In this study, NoVs were identified from eight out of ten libraries (library 2, library 4–10), where eight nearly complete genome of NoVs were obtained using the assemble sequences program in Geneious 11.1.2 and were named as Norozj-2, and Norozj-4 to 10, respectively. The genomes of those NoVs are 7,379 nt to 7,738 nt in length, which have three open reading frames (ORF1, ORF2, and ORF3). The length of ORF1 are 5094 nt except for Norozj-2 and Norozj-8 which have only partial ORF1. ORF2 of all the NoVs in this study are 1623 nt in length. The length of ORF3 is 807 nt except Norozj-9, which has 33 nt missing. The ORF1 encodes viral nonstructural protein of 1,697 amino acids (aa), while the ORF2 and ORF3 encode VP1 with 540 aa and VP2 with 268 aa, respectively (the VP2 of Norozj-9 is 257 aa in length). The phylogenetic trees were constructed based on the nearly complete genome that included the reference strains of five different genotypes. The result indicated that the eight NoVs belonged to two genotypes (Fig. 2A), seven of which were GII.4 including Norozj-2, 4–8, and 10 and only Norozj-9 clustered with one GII.17 strain (KJ96295) forming an independent clade. The three strains (Norozj-2, 4 and 5) shared more than 99.18% nt identity to the strain NORO_156_02_03_2015 (MH218627) isolated from United Kingdom in 2015. The Norozj-7 and Norozj-8 had more than 99.24% nt identity to the strain Hu/NOV/GII/CHN/ZJ01 (KX586330) isolated from Jiangsu Province of China in 2015. The Norozj-6 shared 99.35% nt identity to the strain Hu/Guangzhou/GZ2014-L132/CHN/2014 (KT202796) isolated from Guangdong Province of China in 2014. The Norozj-10 shared 98.87% nt identity to the strain Hu/GII.4/GII4-NG1242/2011/JP (AB972502) isolated from Japan in 2014. The Norozj-9 shared 97.47% nt identity to the strain Musashimurayama/TAKAsanKimchi (KJ196295) isolated from Japan in 2014.

Fig. 2

The phylogenetic analysis based on the complete genome sequences of NoVs and SaVs.

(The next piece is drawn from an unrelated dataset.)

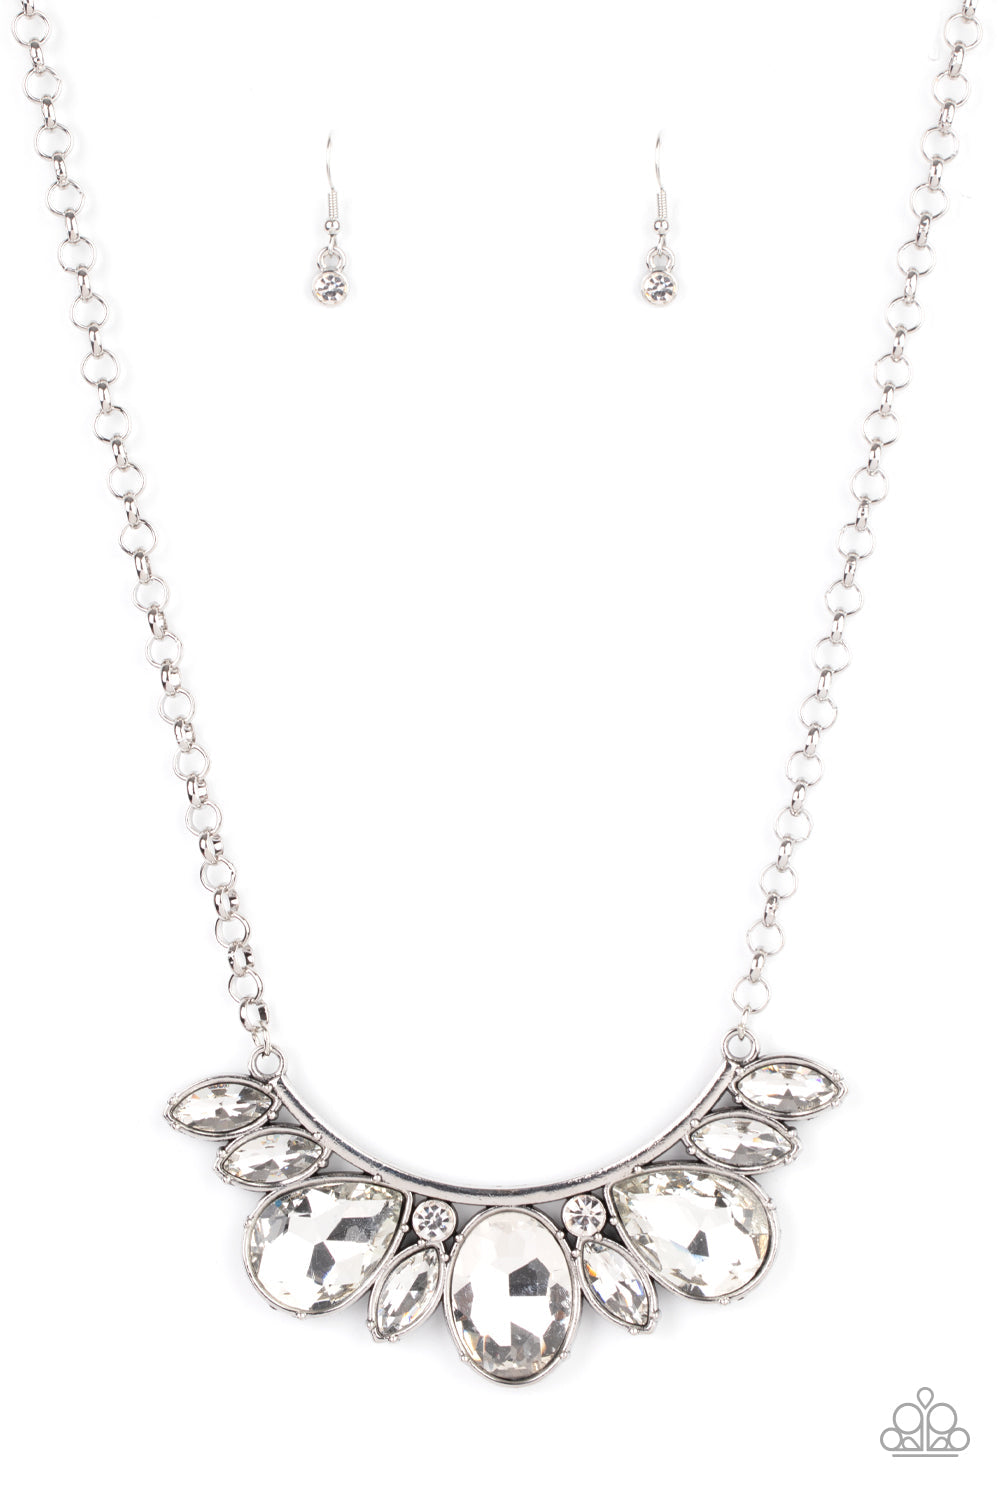 Never SLAY Never - White and Silver Necklace - Paparazzi Accessories - An oversized collection of round, marquise, and teardrop white rhinestones drip from the bottom of a bowing silver bar, coalescing into a sassy statement piece below the collar. Features an adjustable clasp closure fashion necklace. 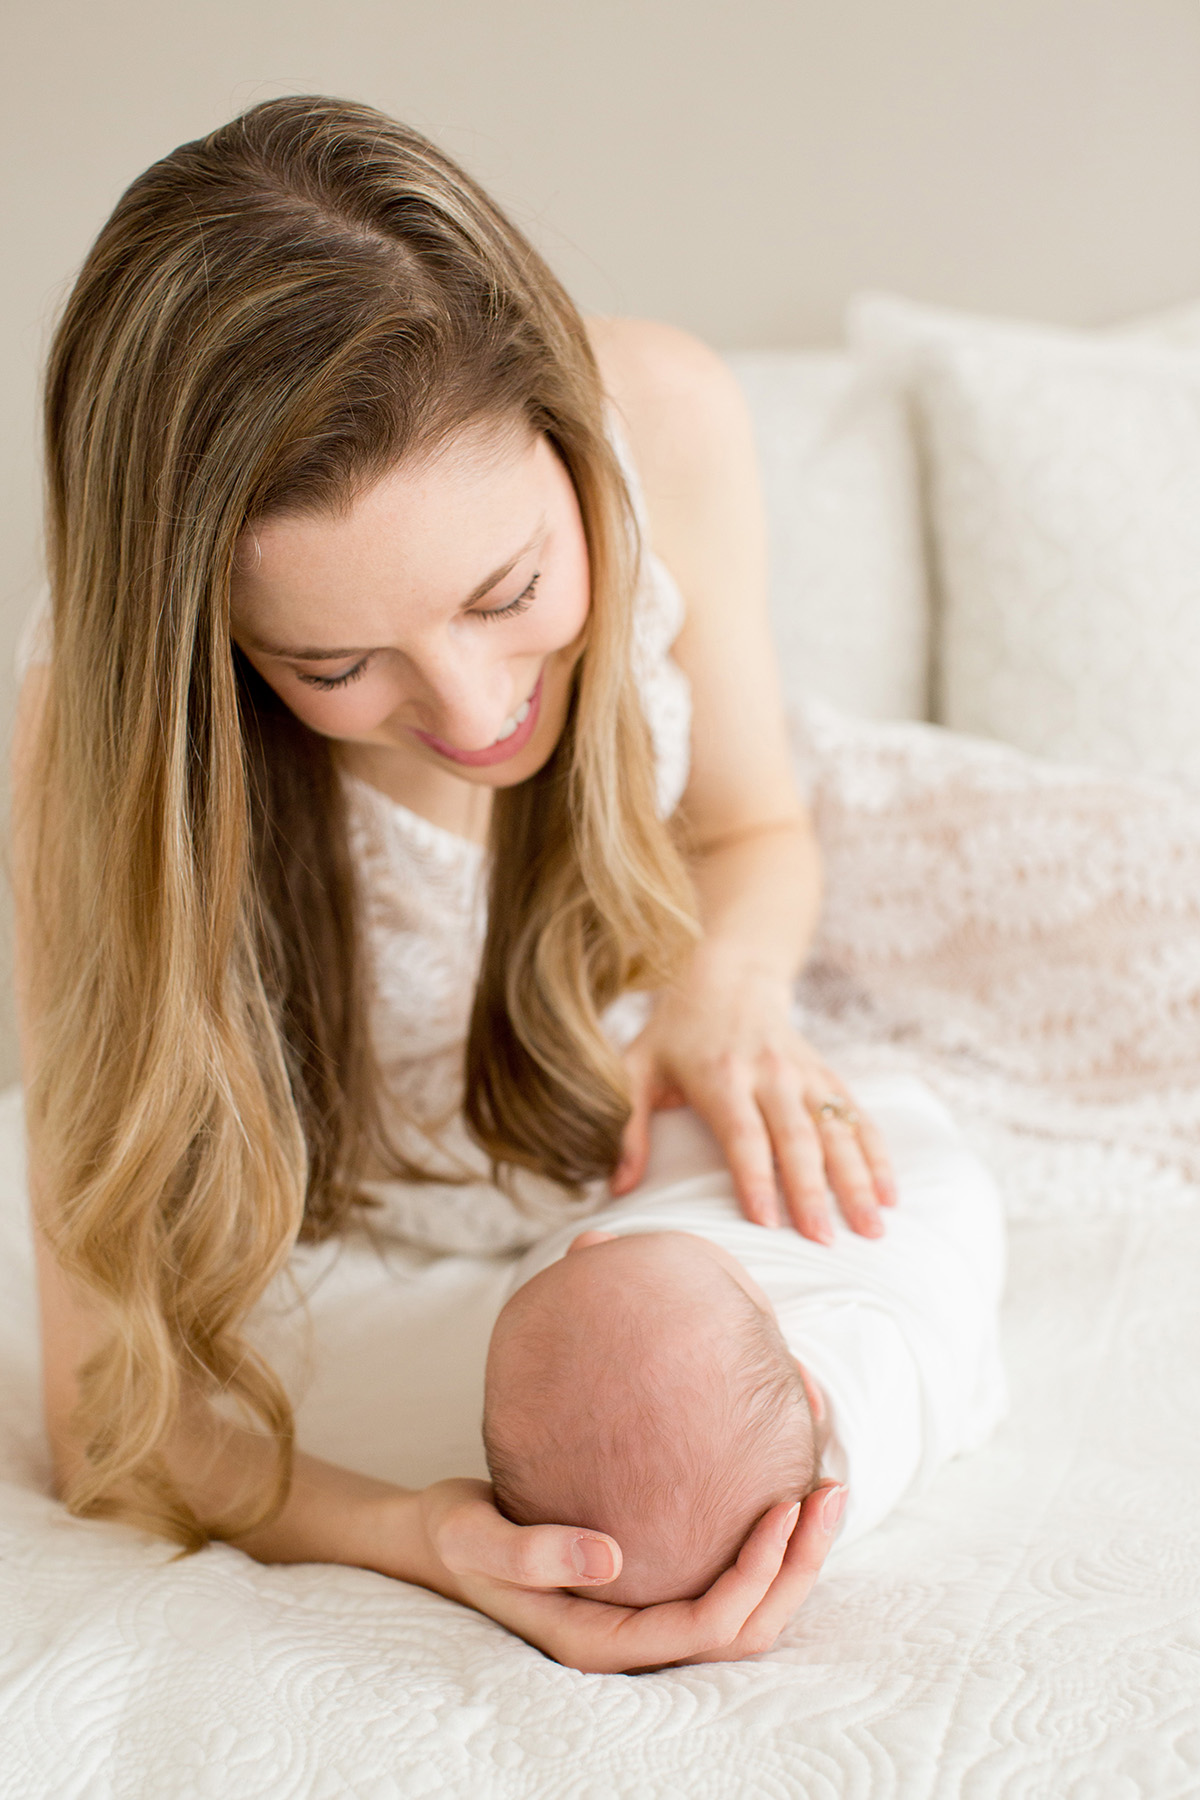 Louisville KY Newborn and Maternity Photographer | Julie Brock Photoraphy | Mom and baby on bed | Perfect Newborn Photo | Louisville Photographer.jpg

A The phylogenetic trees were constructed based on the nearly complete genome of NoVs that included the reference strains of five different genotypes. B The phylogenetic trees were constructed based on the nearly complete genome of SaVs that included the reference strains of four different genogroups. Viruses identified in this study were marked with red solid circle. NoV, Norovirus; SaV, Sapovirus.

SaV

One complete SaV genome was present in library 9 and was named as Sapozj-9. The genome of Sapozj-9 is 7,542 nt in length, which contains two ORFs (ORF1 and ORF2). The length of ORF1 is 6,843 nt, which encodes a polyprotein of 2,280 aa containing seven nonstructural proteins (NS1–7) followed by the major capsid protein, VP1. The conserved calicivirus NTPase motif “480GAPGIGKT487” and VPg motifs “941KGKTK945”, and “962DDEYDE967” were found in NS3 and NS5, respectively. VPg is linked to the 5′ terminal of the viral RNA and has an important role in SaV genome replication, transcription, and translation (Leen et al., 2013). The length of ORF2 is 498 nt, which encodes the minor structural protein VP2 (165 aa). The phylogenetic tree was constructed based on the nearly complete genome that included the reference strains of four different genogroups. Phylogenetic analysis showed that Sapozj-9 clustered with the strain Hu/GI/Zhejiang1/China/2014 (KT327081) and the strain Hu/GI/Hunan/China/2016 (KX980412) forming an independent clade (Fig. 2B). The Sapozj-9 shared the highest nt identity (99.53%) to the strain Hu/GI/Zhejiang1/China/2014 (KT327081) isolated from Zhejiang Province of China in 2014.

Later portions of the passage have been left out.